Whenever a table contains a column that is expected to be a “well-behaved” primary dimension, it is recommended to strong type this dimension as an enum in order to benefit from the integrity checks performed by Envision.

SKUs (storage keeping units) represent a more interesting supply chain example. Let’s produce a minimal flat file illustrating a list of SKUs, each SKU having a location and product reference:

table SKUs = with
  [| "Paris" as Loc, "shirt-123" as Ref |]
  [| "London",       "shirt-123"        |]
  [| "Paris",        "pant-234"         |]
  [| "London",       "hat-345"          |]

show table "" export: "/sample/skus.csv" with SKUs.Loc, SKUs.Ref

In particular, the primary dimensions of the enums declared in the read block can be used to assign secondary dimensions to the table being read:

read "/sample/skus.csv" as SKUs[sku] expect [ref, loc] with
  Ref: table enum Ref[ref]
  Loc: table enum Loc[loc]

show table "SKUs" a1b3 with ref into SKUs, loc

In the above script, the secondary dimensions are declared via expect [ref, loc] above the code that declares the enums themselves.

Performance and limitations

An enum is limited to 100 million distinct values and 1 GB of text data, whichever comes first.

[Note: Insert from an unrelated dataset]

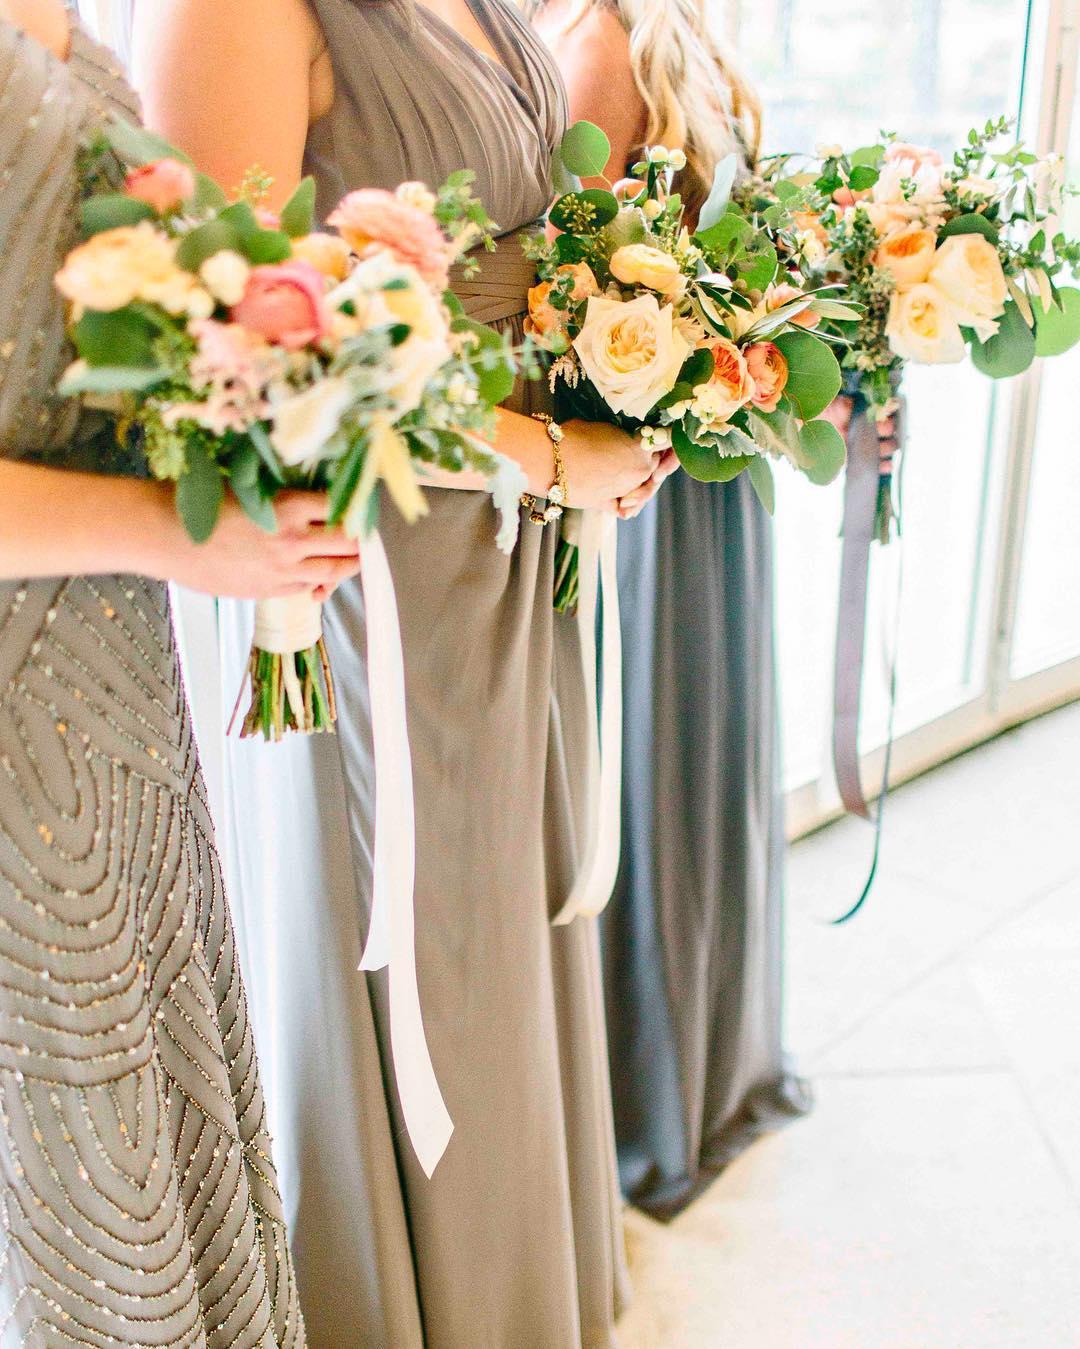 {her girls} photo | @kellydillonphotography  #capecodwedding #bridesmaids #thesedresses #bouquets #lovely #lotusfloraldesigns #weddingflorist

From the runtime perspective of Envision, a small vector of enum values can hold up to 100 million values, which is larger than a small vector of text values limited to 2.75 million values. Thus, for language constructs like each blocks and autodiff blocks, which expect to operate iteration-wise with chunks of data that fit in a page, it is recommended to use enum whenever possible.

As a rule of thumb, when considering a text column in a read block, if the script logic does not sort against this column, and if its cardinality (i.e. number of distinct values) is less than 10,000 distinct values then, we suggest to type this column as an anonymous enum instead.

Beyond 10,000 distinct values, there might be a gain of performance when converting a text column into an enum, but a loss of performance may also happen due to the cost involved in creating the underlying dictionary.